„Super Express”: - Od wielu dni scena polityczna żyje oczekiwaniem na dzisiejsze tzw. exposé premiera...
Józef Oleksy: - Exposé to nieco nadęta formuła...
- Może powinien to być raport o stanie państwa?
- Też źle. Raport musi wynikać z rozległych badań porównawczych. Muszą być też w nim zawarte przeciwstawne punkty widzenia, co nadaje mu obiektywizmu.
- Więc jak?
- Tak, jak jest zapisane w porządku obrad – że jest to informacja o sytuacji w państwie z punktu widzenia rządu.
- Rząd jest mocno krytykowany, stąd zapewne, gdy premier ma przemówić, są wielkie oczekiwania...
- Premier w tej chwili nie musi wygłaszać exposé albo składać raportu, natomiast koniecznie musi odpowiedzieć na krytyczną wobec rządu kampanię, która od dawna trwa w bardzo stanowczym tonie.
- Może odpowiedzią powinno być zainicjowanie wielkiej debaty?
- Nie byłoby źle, gdyby premier wyszedł z taka inicjatywą.
- Jakie ramy powinien jej nadać?
- Ogłosić, że rząd nie twierdzi, że wszystko jest dobrze oraz że chętnie wysłucha potencjalnie celnych pomysłów opozycji i chce o nich rozmawiać. Tymczasem Donald Tusk okopał się w milczeniu. Do tłumaczenia się przed opinią publiczną nie używa nawet rządu.
- A opinia publiczna nie trawi milczenia...
- Oczywiście, bo to może rodzić lęk społeczny, czy aby na pewno rządzenie służy wspólnym sprawom obywateli. Tym bardziej, że opozycja nie przebiera w środkach – dla niej z góry sytuacja jest skrajna, katastroficzna. Jak więc widzą to ludzie? Tak, że jedna strona twierdzi, że jest katastrofa, a druga strona milczy. Celem wystąpienia premiera powinna być próba zaradzenia temu.

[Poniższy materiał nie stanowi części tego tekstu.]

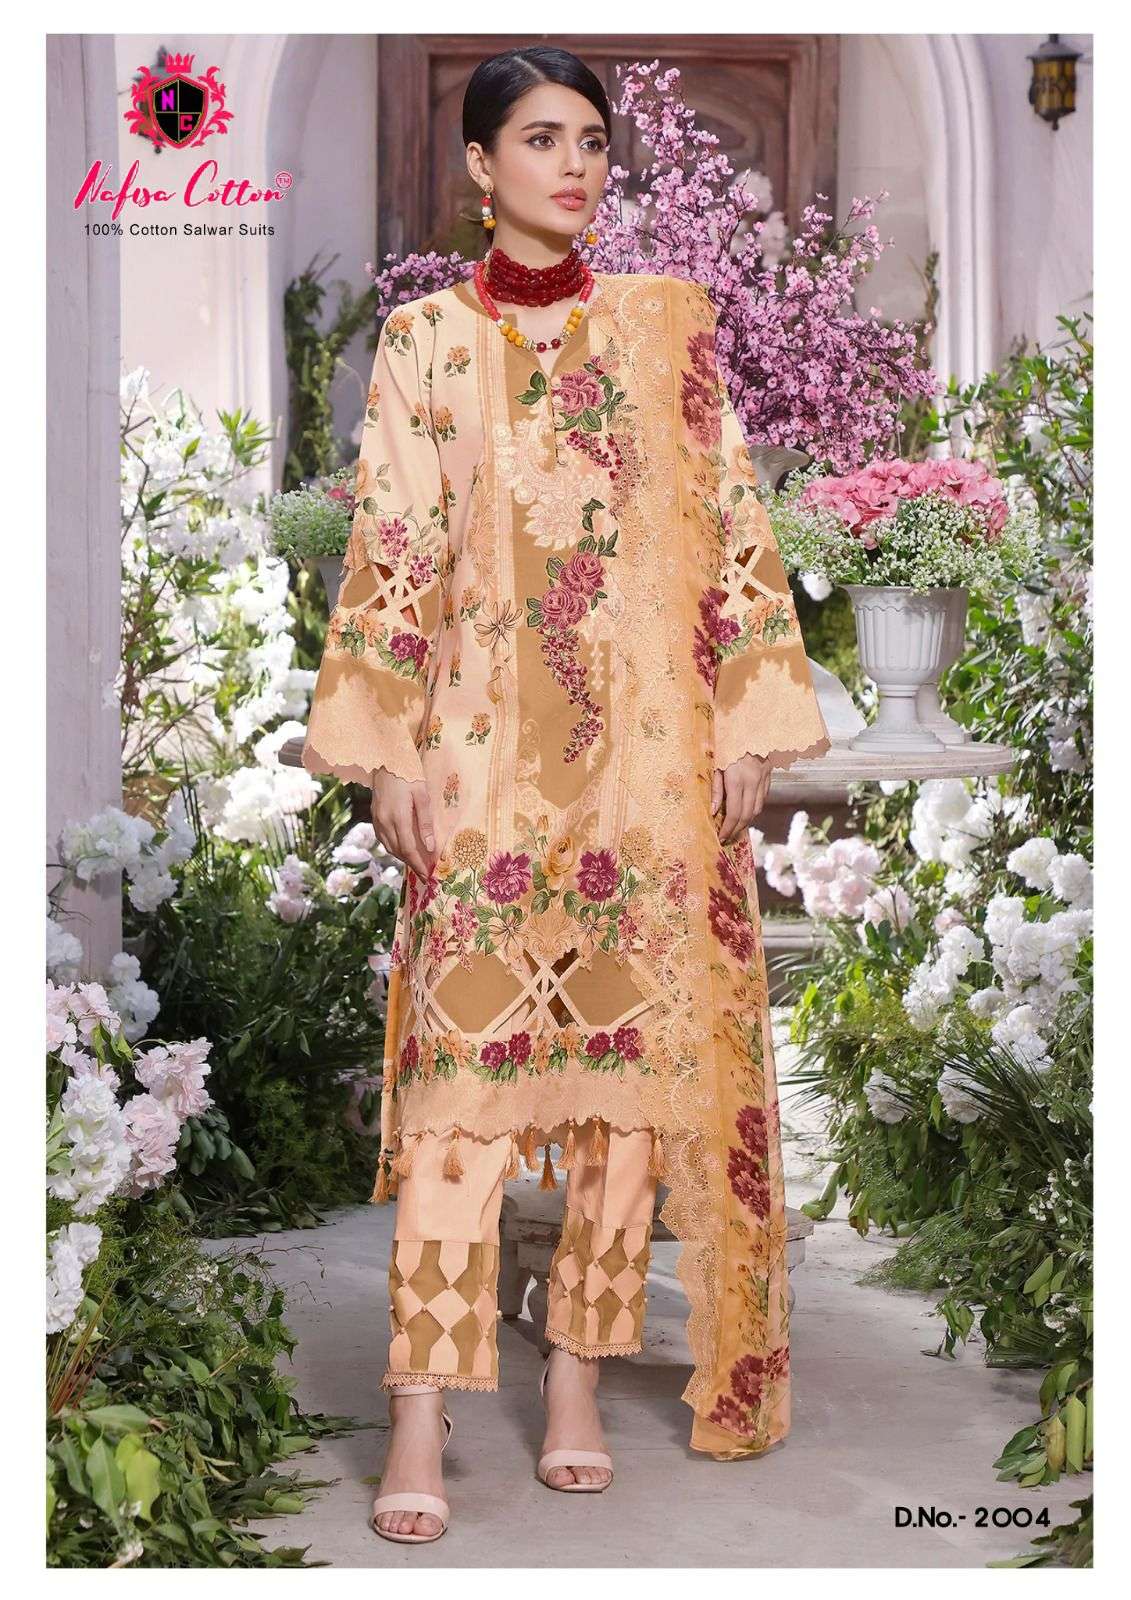 nafisa cotton safina karachi suits vol-2 2001-2006 series latest designe rpakistani suit wholesaler surat gujarat

- Skoro mówimy o skrajnych sytuacjach, to możliwy jest jeszcze upadek rządu...
- Dopóki PSL nie zdradzi, jest to niemożliwe. Ta koalicja rządzi i będzie rządzić. Ale obowiązkiem premiera jest przerwać milczenie i ustosunkować się do ataków. Co nie będzie łatwe...
- Dlaczego?
- Ponieważ krytycy rządu są bardzo ogólnikowi, a zarazem bezkompromisowi w twierdzeniu, że rząd odpowiada za wszystko. Otóż istnieją procesy długofalowe, za które żaden konkretny rząd nie odpowiada i nie kontroluje ich. Po drugie, narzekanie na to, że służba zdrowia i oświata są w złym stanie niewiele wnosi do debaty. Że są w złym stanie, wiadomo od lat.

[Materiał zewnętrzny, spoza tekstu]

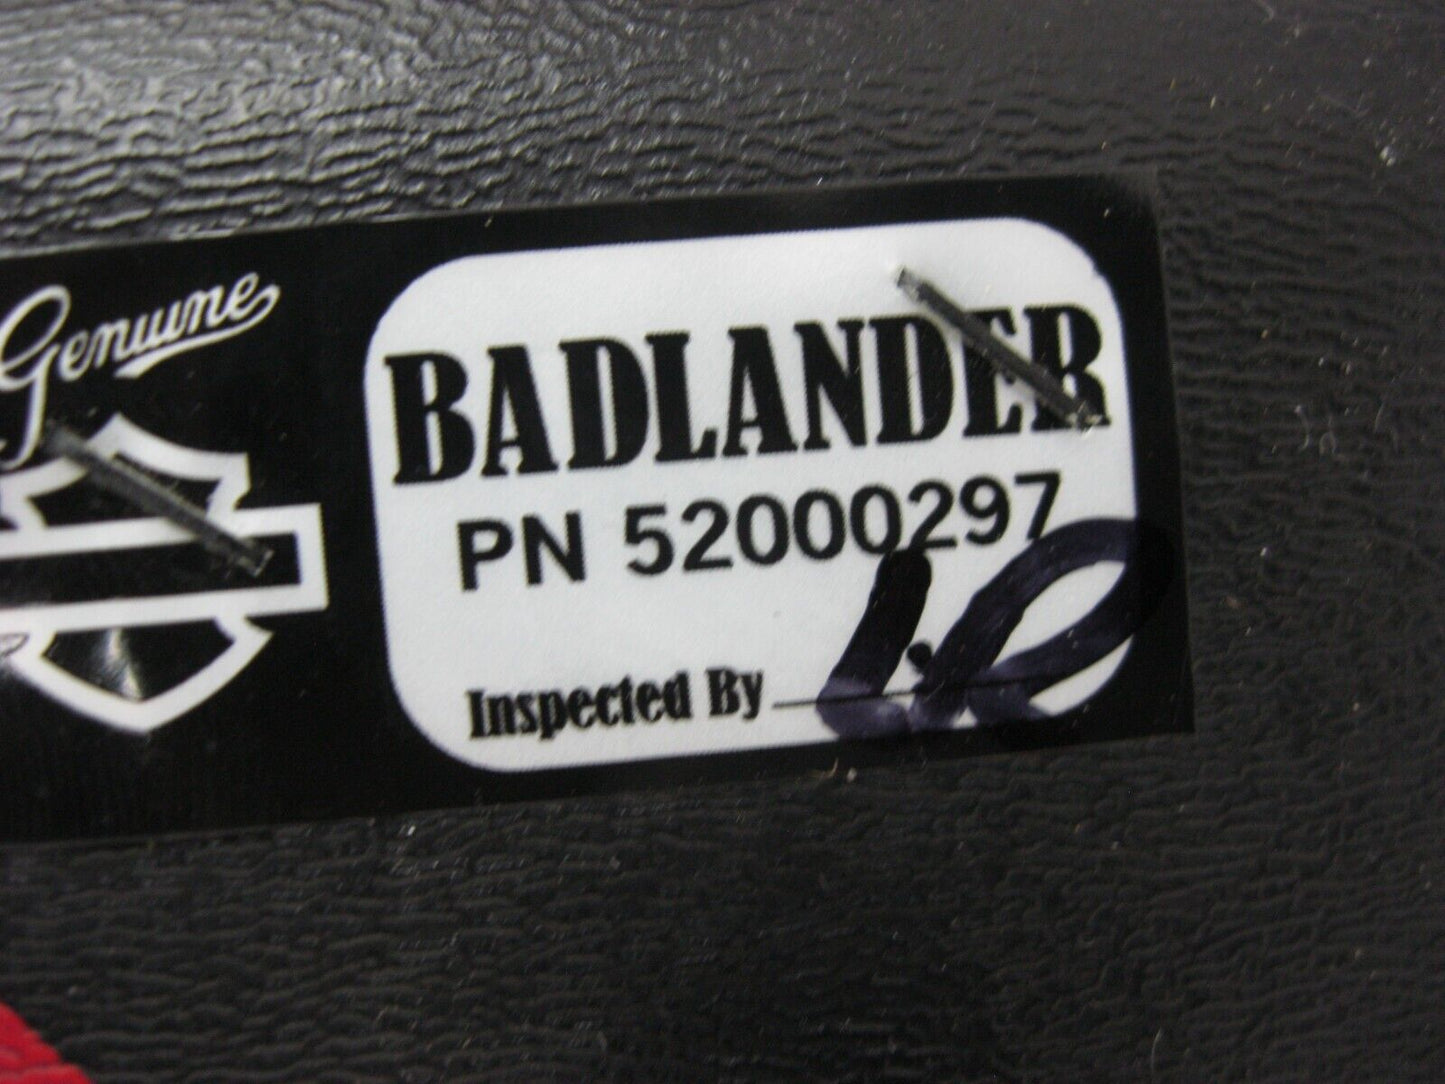 Harley-Davidson Badlander Two-Up Seat 52000297

- Czyli obecnie jest tak: jaka krytyka taka odpowiedź.
- No właśnie, oby dzisiaj tak nie było! Premier powinien wykorzystać sytuację i uczciwie przedstawić stan kraju – powiedzieć, co na pewno będzie zrobione, a co na pewno nie będzie. Bo jego dotychczasowe obiecanki już nużą. Powinien znaleźć jakąś nową formułę, w której zmierzy się z atmosferą upadku zaufania do rządu i twierdzeniami opozycji, że żadne działania jego gabinetu nie przynoszą pozytywnych skutków. Tylko niech ta formuła nie będzie już tak lukrowana i tak wycackana jak zwykle. To musi być męska formuła uczciwego bilansu. Niech chociażby powie, jaką rząd będzie prowadzić politykę wobec szpitali. Bo to obchodzi Polaków. Tak samo, jak to, co będzie dalej z reformami emerytalnymi czy ulgami podatkowymi. Ma o czym mówić.
- Może najlepiej by było, gdyby podał się do dymisji i, być może, w ten sposób uratowałby swoją formację polityczną?

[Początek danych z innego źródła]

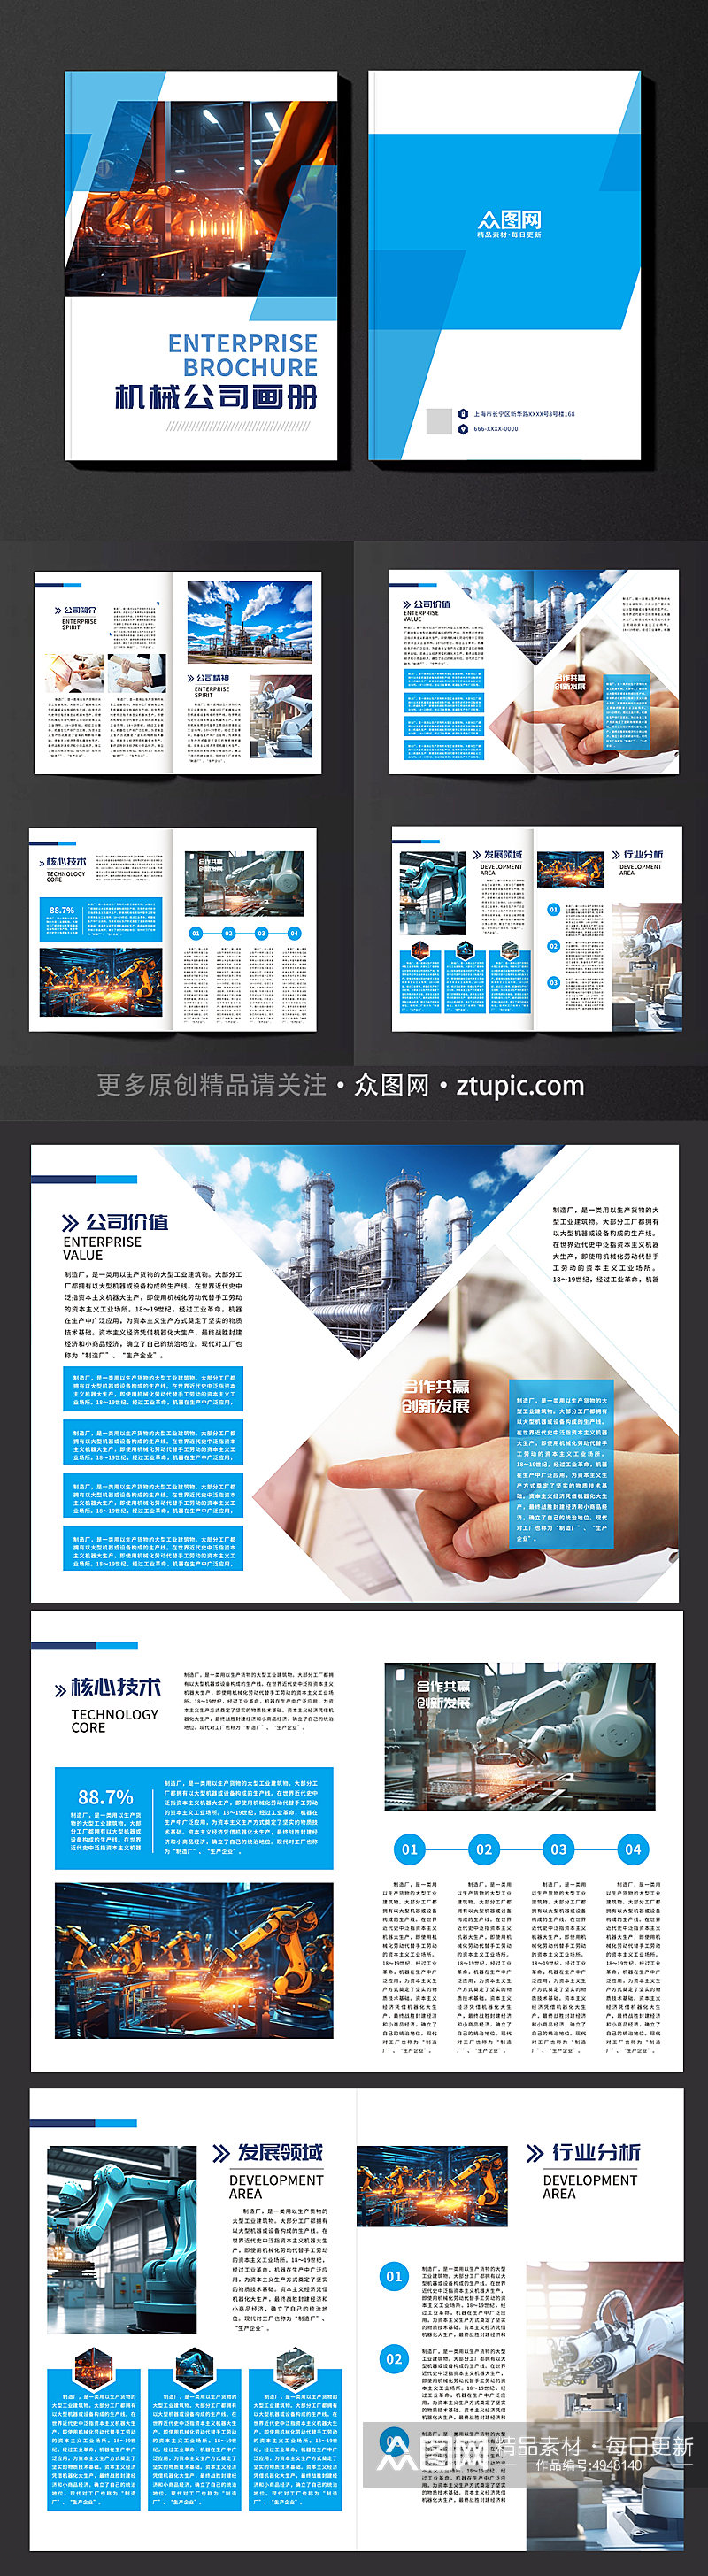 蓝色机械公司工业制造业工厂企业画册素材

- Nie uważam, że powinien się podawać do dymisji. Nie widzę uzasadnienia dla takiego kroku. Z jakiego powodu? Bo opozycja go krytykuje? Owszem, krytykuje i będzie krytykować. Bo wiele reform się nie udało? To też nie jest powód.
- O czym ma więc dyskutować z opozycją?
- Szwankuje funkcjonowanie państwa – to jest podstawowy temat. Zbierają się chmury nad sprawami europejskimi – o tym też trzeba rozmawiać.